Roles of β-adrenoceptor Subtypes and Therapeutics in Human Cardiovascular Disease: Heart Failure, Tachyarrhythmias and Other Cardiovascular Disorders

Abstract

β-Adrenoceptors (β-ARs) provide an important therapeutic target for the treatment of cardiovascular disease. Three β-ARs, β₁-AR, β₂-AR, β₃-AR are localized to the human heart. Activation of β₁-AR and β₂-ARs increases heart rate, force of contraction (inotropy) and consequently cardiac output to meet physiological demand. However, in disease, chronic over-activation of β₁-AR is responsible for the progression of disease (e.g. heart failure) mediated by pathological hypertrophy, adverse remodelling and premature cell death. Furthermore, activation of β₁-AR is critical in the pathogenesis of cardiac arrhythmias while activation of β₂-AR directly influences blood pressure haemostasis. There is an increasing awareness of the contribution of β₂-AR in cardiovascular disease, particularly arrhythmia generation. All β-blockers used therapeutically to treat cardiovascular disease block β₁-AR with variable blockade of β₂-AR depending on relative affinity for β₁-AR vs β₂-AR. Since the introduction of β-blockers into clinical practice in 1965, β-blockers with different properties have been trialled, used and evaluated, leading to better understanding of their therapeutic effects and tolerability in various cardiovascular conditions. β-Blockers with the property of intrinsic sympathomimetic activity (ISA), i.e. β-blockers that also activate the receptor, were used in the past for post-treatment of myocardial infarction and had limited use in heart failure. The β-blocker carvedilol continues to intrigue due to numerous properties that differentiate it from other β-blockers and is used successfully in the treatment of heart failure. The discovery of β₃-AR in human heart created interest in the role of β₃-AR in heart failure but has not resulted in therapeutics at this stage.

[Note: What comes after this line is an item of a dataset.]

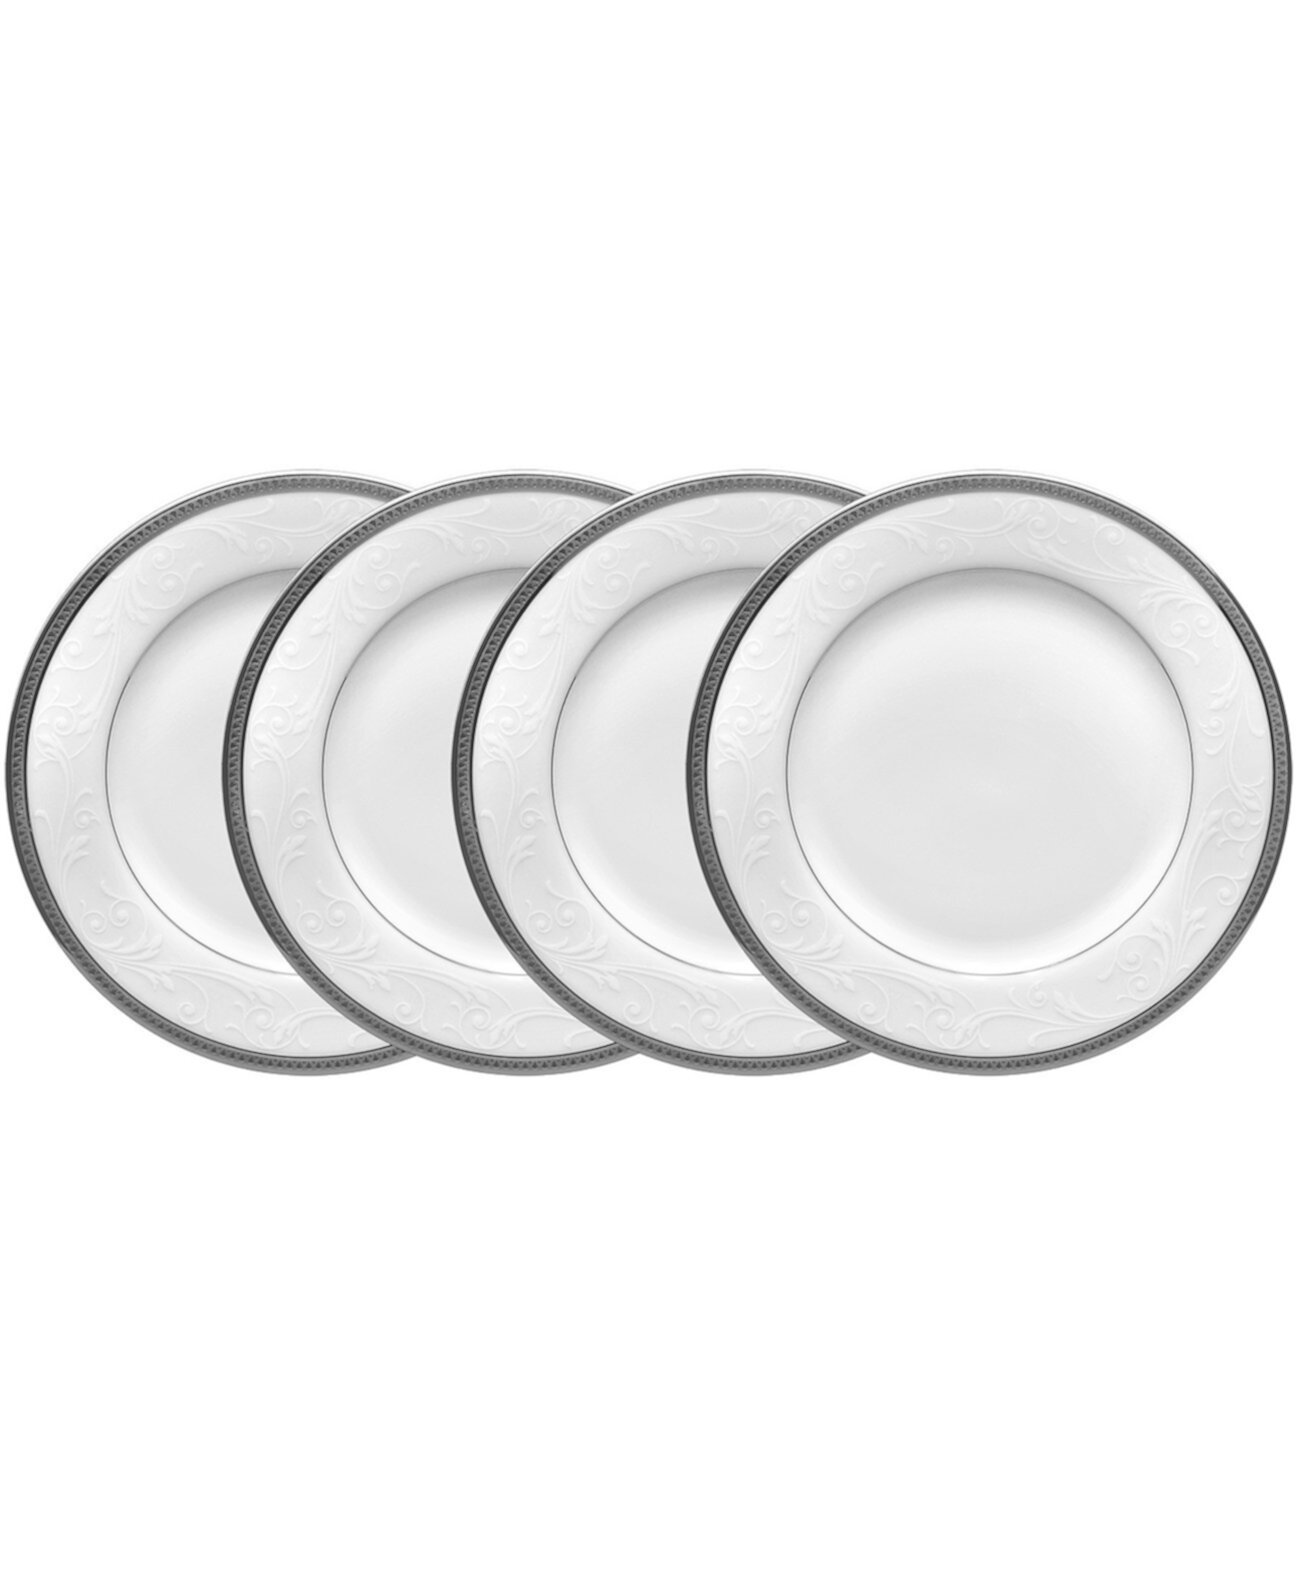 Regina Platinum Набор из 4 тарелок для хлеба, масла и закусок, сервиз на 4 персоны Noritake

Keywords: Acute coronary syndrome; Anxiety; Arrestin; Arrhythmia; Cardiac ryanodine receptors; Carvedilol; Chronic coronary artery syndrome; Coronary artery disease; Cyclic AMP; Excitation-contraction coupling; Giα-protein; Gsα-protein; Human heart; Human heart failure; Hypertension; Hypertension in pregnancy; Hyperthyroidism; Intrinsic sympathomimetic activity; Migraine; Mirabegron; Phaeochromocytomas and paragangliomas; Phosphodiesterase enzymes; Portal hypertension; Protein kinase A; Ventricular arrhythmias; β-adrenoceptors; β-blockers; β1-adrenoceptor; β2-adrenoceptor; β3-adrenoceptor.